Kariyer 4.0 programına katılan Psikolojik Danışman ve Yazar Kübra Karahanoğlu, yapay zekâ ile oluşturulan içeriklerin yazarlık kavramıyla karıştırılmaması gerektiğini ifade etti. Karahanoğlu, “Yapay zekayla yazılmış metinlerde yazarlık iddiasında bulunmayı çok doğru bulmuyorum” diyerek, bu konuda net bir ayrımın yapılmasının önemine dikkat çekti.
“YAPAY ZEKANIN YAZARLARI HEM DESTEKLEYİCİ HEM DE KÖRELTİCİ OLDUĞUNU DÜŞÜNÜYORUM”
Kübra Karahanoğlu, yapay zekânın edebiyat üzerindeki etkilerini değerlendirirken, bu teknolojinin yazarlara hem ilham kaynağı olabileceğini hem de yaratıcılıklarını köreltebileceğini belirtti. Yazarlıkta en büyük sorun ise duygunun eksikliği olarak öne çıkıyor. “Yapay zekâda yazar ve okuyucu için duygunun yokluğu soru işareti yaratıyor” şeklinde konuştu.
“YAPAY ZEKADAN CEMAL SÜREYA VE ÖZDEMİR ASAF’IN DİLİNDEN ŞİİR YAZMASINI İSTEDİM, AYNI HİSSİ ALAMADIM”

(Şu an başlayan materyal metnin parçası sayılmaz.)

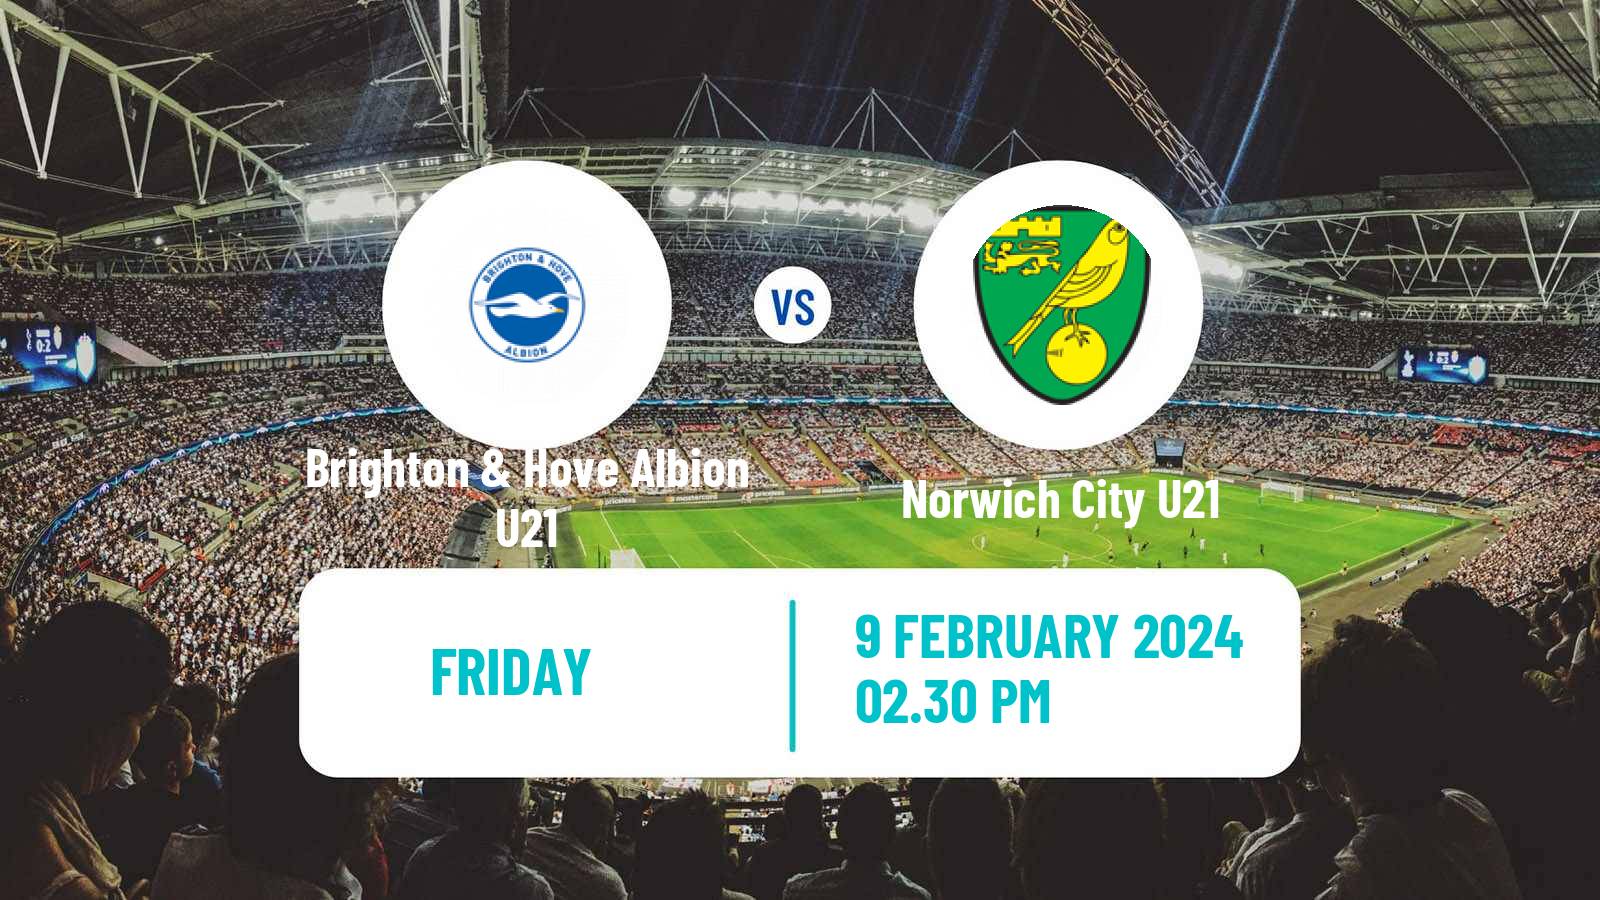 Soccer English Premier League 2 Brighton & Hove Albion U21 - Norwich City U21

Karahanoğlu, yapay zekâ ile Cemal Süreya ve Özdemir Asaf tarzında şiirler yazdırmayı denediğini de aktardı. “Teknik açıdan doğru ama aynı duyguyu alamadım” diyerek, metinlerin şiirsel bir yapıya sahip olduğunu fakat yeterli hissetmediğini dile getirdi. Ayrıca, “Yapay zekayla yazılmış metinlerde yazarlık iddiasında bulunmayı çok doğru bulmuyorum” şeklindeki görüşüyle etik bir duruş sergiledi.

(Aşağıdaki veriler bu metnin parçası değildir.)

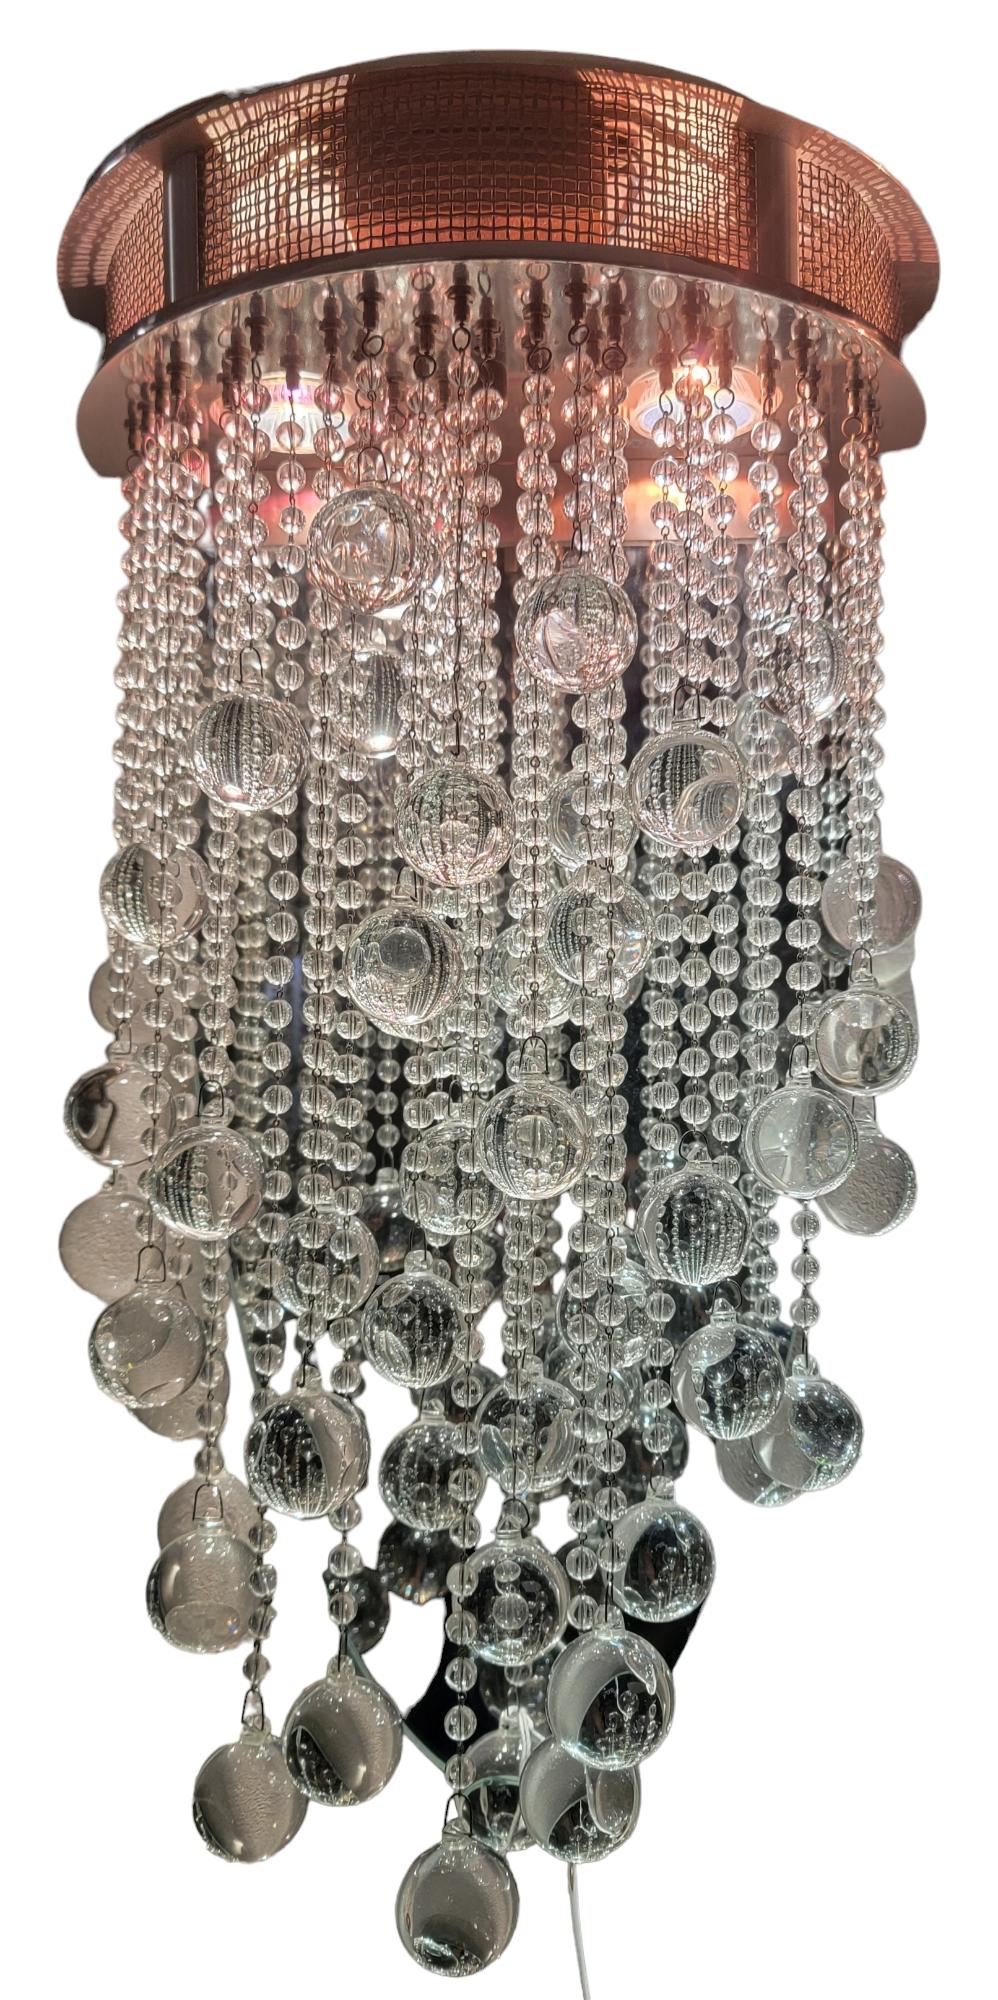 Ein Paar atemberaubende Todd Rugee-Leuchten. Im Rahmen befinden sich 2 LED-Lichter, die auf die hängenden Perlen mit je einer größeren Kristallkugel am Ende jeder Perle herunterleuchten. Der Rahmen besteht aus einem oberen Kupferrand und erstreckt

“YAPAY ZEKA TARAFSIZ CEVAP VEREMİYOR”
Programda yapay zekânın nesnellik konusundaki yeterliliğini değerlendiren Karahanoğlu, “Yapay zekâ tarafsız cevap veremiyor” diyerek, bu sistemlerin duygusal veya ideolojik eğilimler taşıyabileceğini vurguladı. Yazar ve danışmanlık alanlarında insan dokunuşunun yerini henüz hiçbir teknolojinin almadığını savundu.